Proszę Jej nic nie mówić, znienawidzi nas. Pozdrawiam

- Co do chuja?! - Aż musiałem usiąść z wrażenia. Odłożyłem tableta na stół i przetarłem czoło dłonią.

- Mówiłem, że dziwny. Myślisz, że to serio Jej rodzice? Wypadek podobno był sprawdzany.

- Mogli to dobrze zaplanować. Może widzieli, że ktoś majstruje przy aucie i wykorzystali okazję?

- Powiesz Jej?

- Nie. Nie wiem, mają rację, że ich znienawidzi. Ona nie wiedziała o żadnych przekrętach, no i odsunęli się od Niej.

- Racja. Musisz sam zdecydować. Może wybadaj teren, porozmawiaj z Nią o nich. Będziesz widział reakcje i trochę przygotujesz na prawdę.

- Tak zrobię. Skupmy się najpierw na weselu.

Skinął głową zgadzając się ze mną. Poszliśmy do auta i udaliśmy się prosto do domu. Było późno, dochodziła 22 i byłem trochę zły na siebie, że tak długo mnie dzisiaj nie było.

Gdy dojechaliśmy do domu, Greta sprzątała po kolacji.

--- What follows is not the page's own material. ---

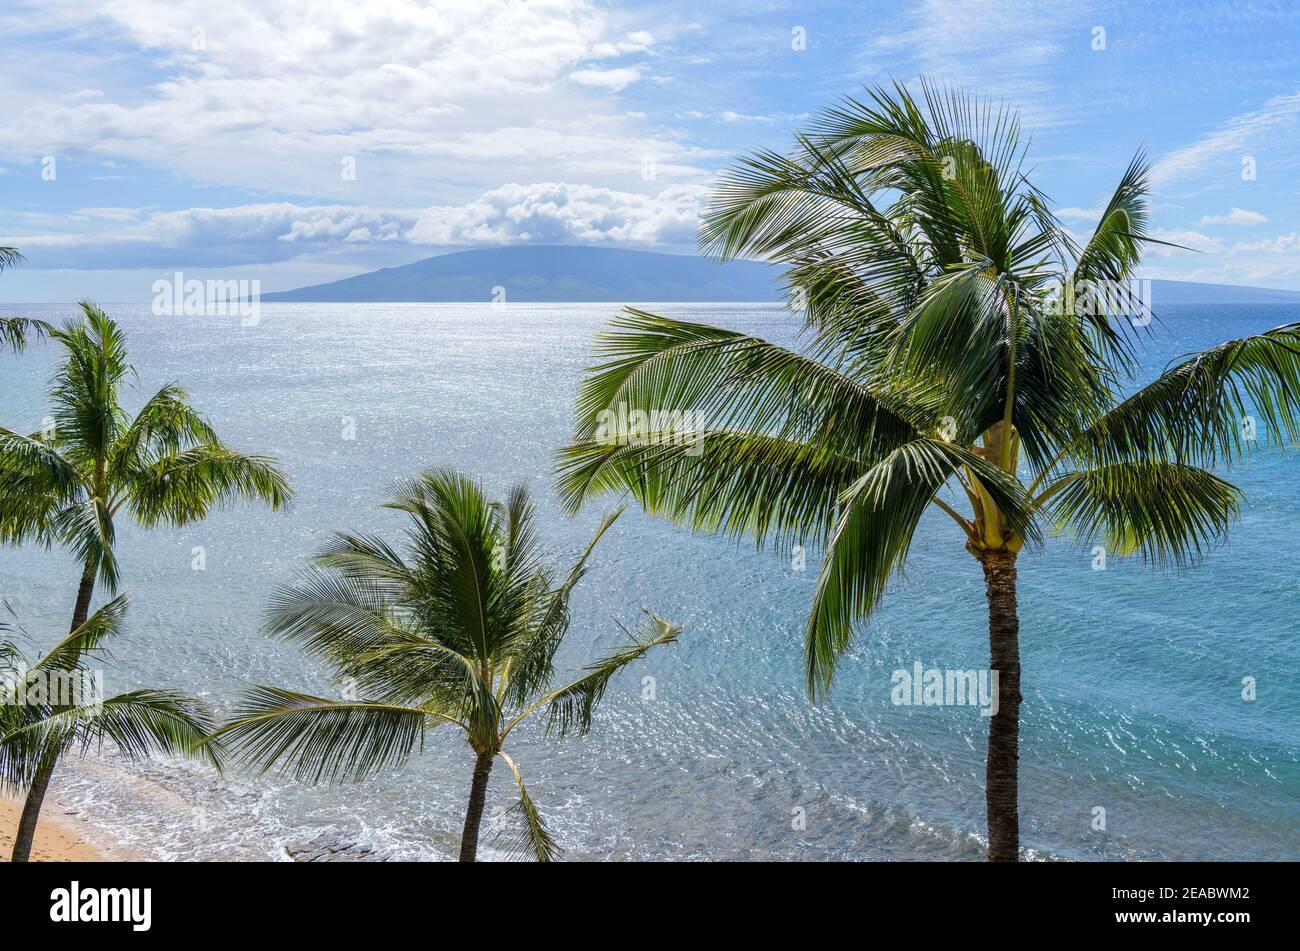 Tropical Island - UNE journée ensoleillée sur la côte nord-ouest de l'île de Maui, avec l'île Lanai à l'horizon. Maui, Hawaï, États-Unis. Banque D'Images

- Cześć Greto, Laura u siebie?

- Tak. Panie Brown?

- Tak?

- Jakby to powiedzieć... Laura chyba źle się czuje. Wymiotowała dzisiaj kilka razy, martwię się o Nią, chociaż twierdzi, że wszystko w porządku.

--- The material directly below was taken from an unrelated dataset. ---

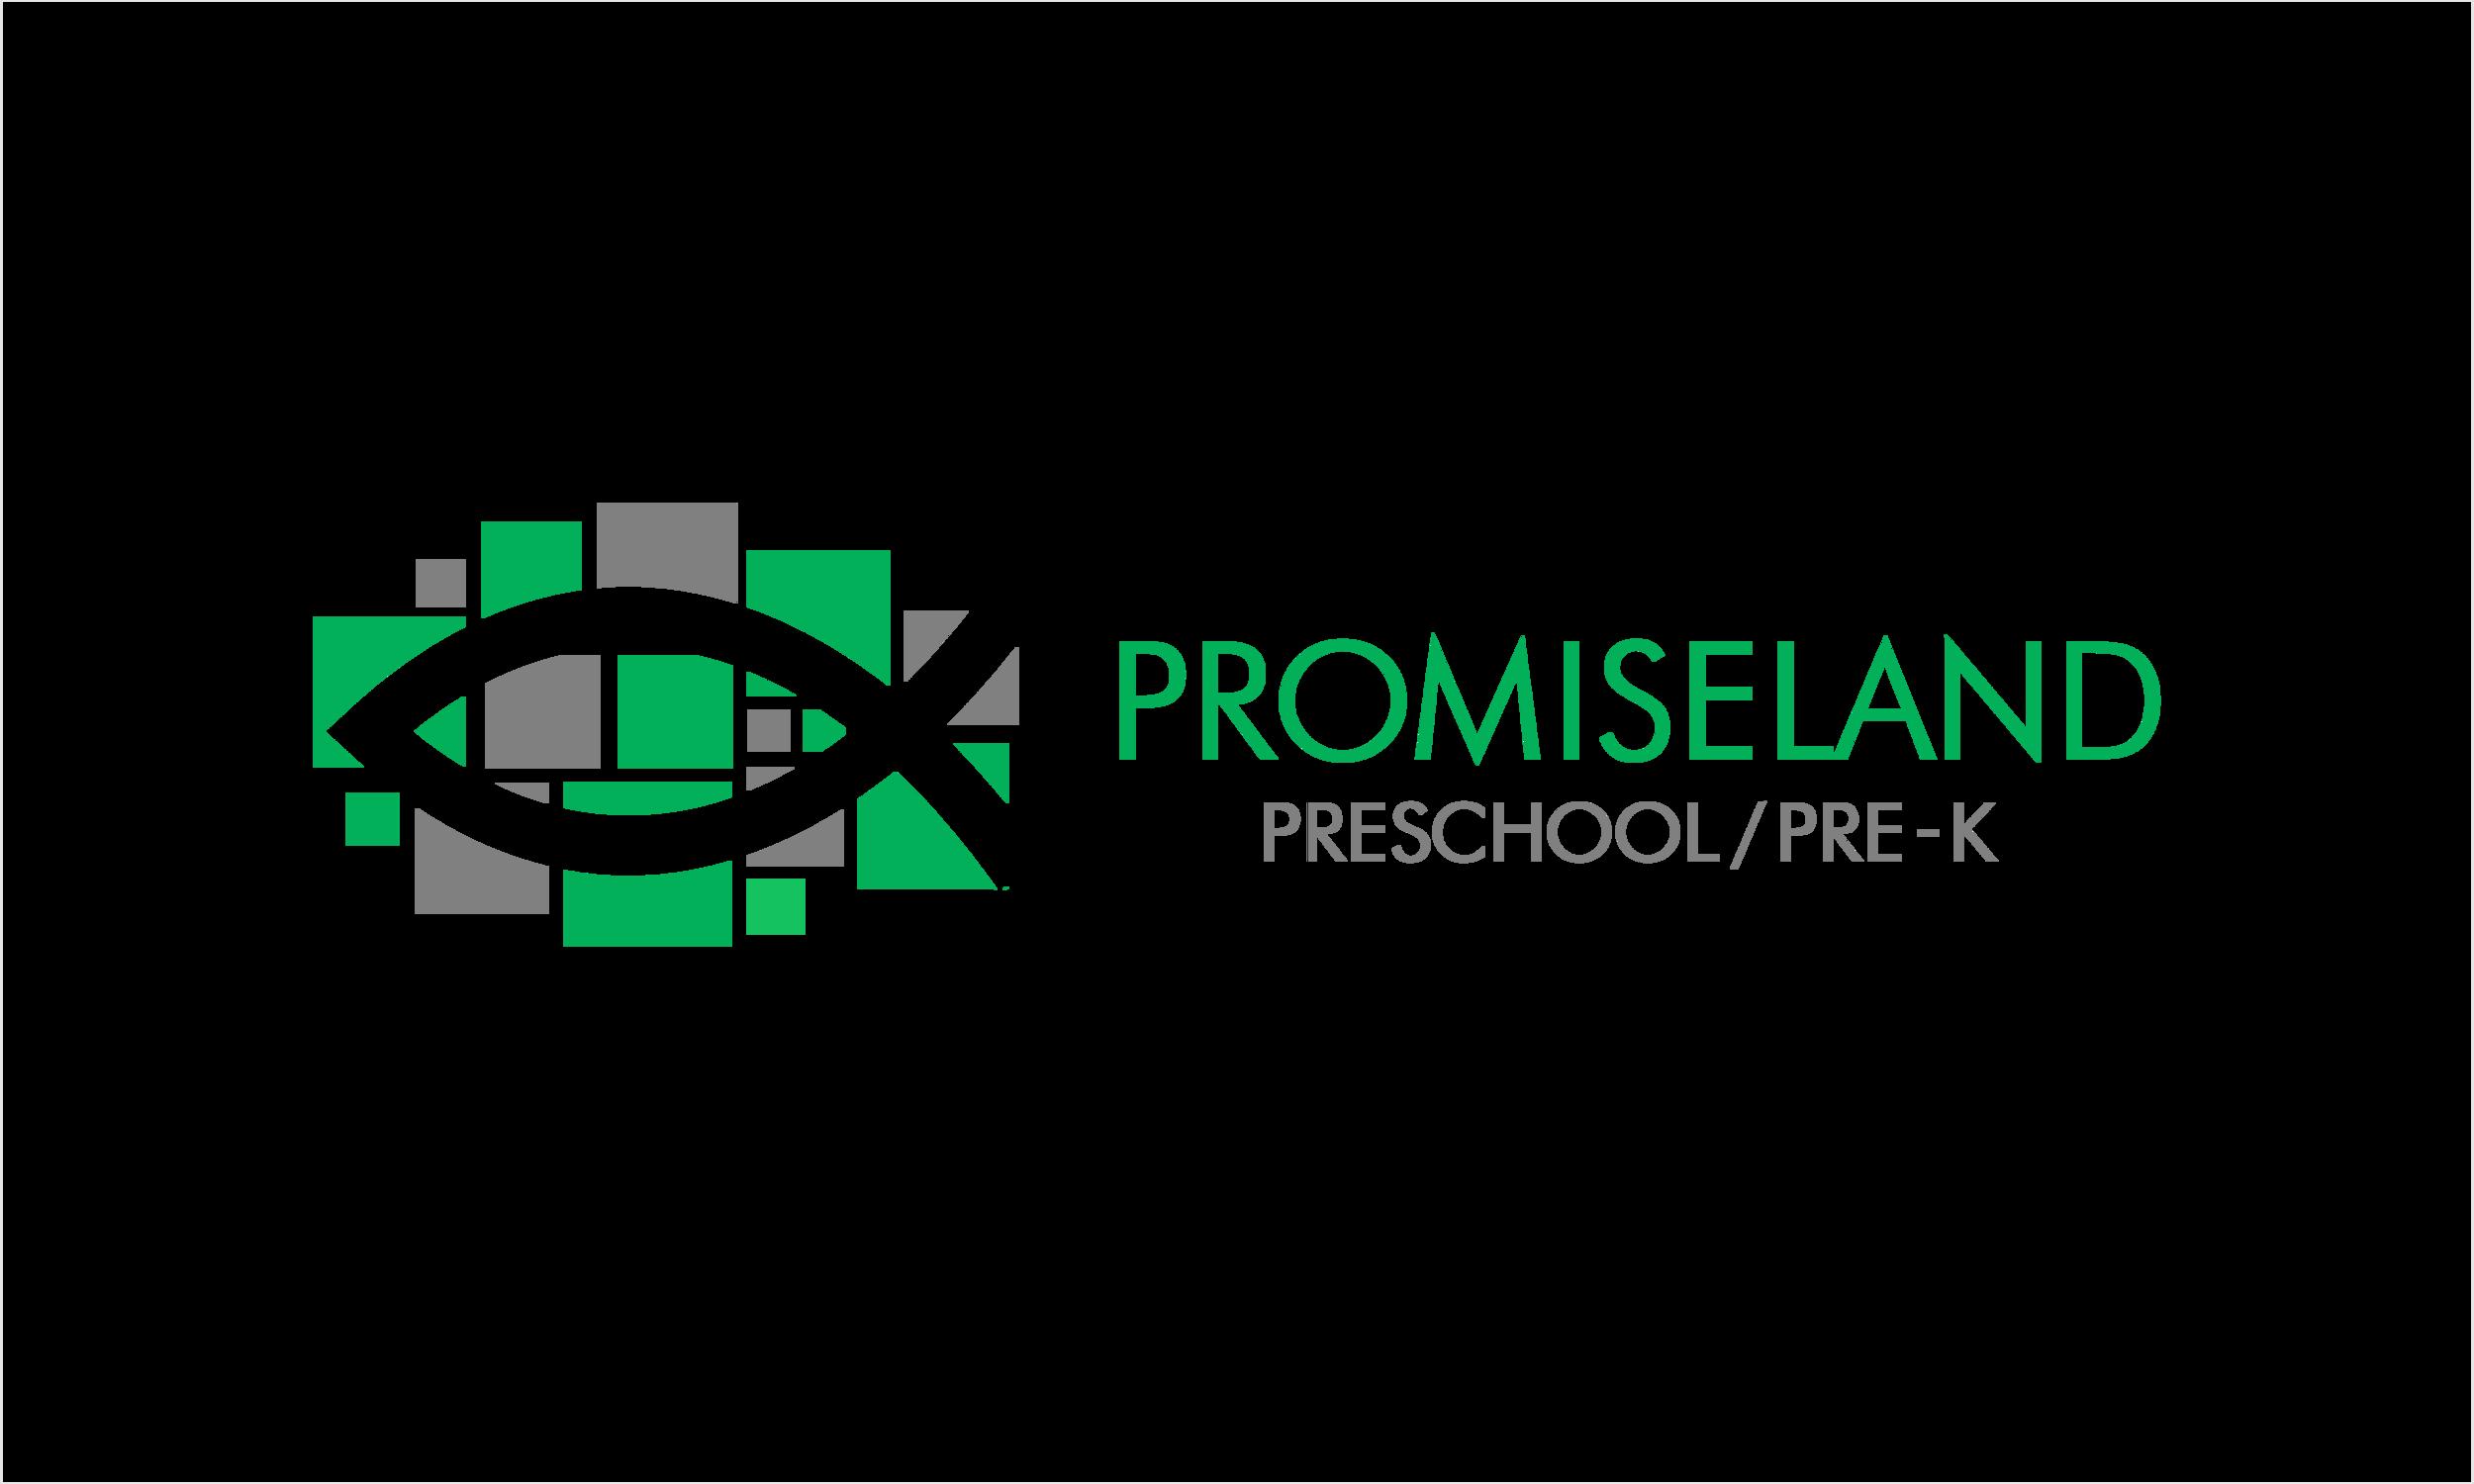 PromiseLand Preschool Pre K Final PNG.png

- Dobrze, zajrzę do Niej. Dziękuje, że mi powiedziałaś. - Uśmiechnąłem się i poszedłem schodami do góry.

Postanowiłem nie pukać. Uchyliłem po cichu drzwi i zajrzałem do środka. Laury nie było w łóżku, światło w łazience też się nie paliło, dziwne. Dopiero gdy wszedłem do środka zauważyłem, że balkon był nie domknięty.

Podszedłem do okna i wyjrzałem przez Nie. Laura siedziała na krześle skulona w samej bluzie i spodenkach. Eh.. Chwyciłem kołdrę z łóżka i otworzyłem drzwi balkonowe, okrywając dziewczynę kołdrą.

- Daniel? - Szepnęła cicho i po chwili ujrzałem Jej błękitne oczy.

- Tak, dopiero wróciłem.

- Cholera, musiałam zasnąć tutaj. Która godzina?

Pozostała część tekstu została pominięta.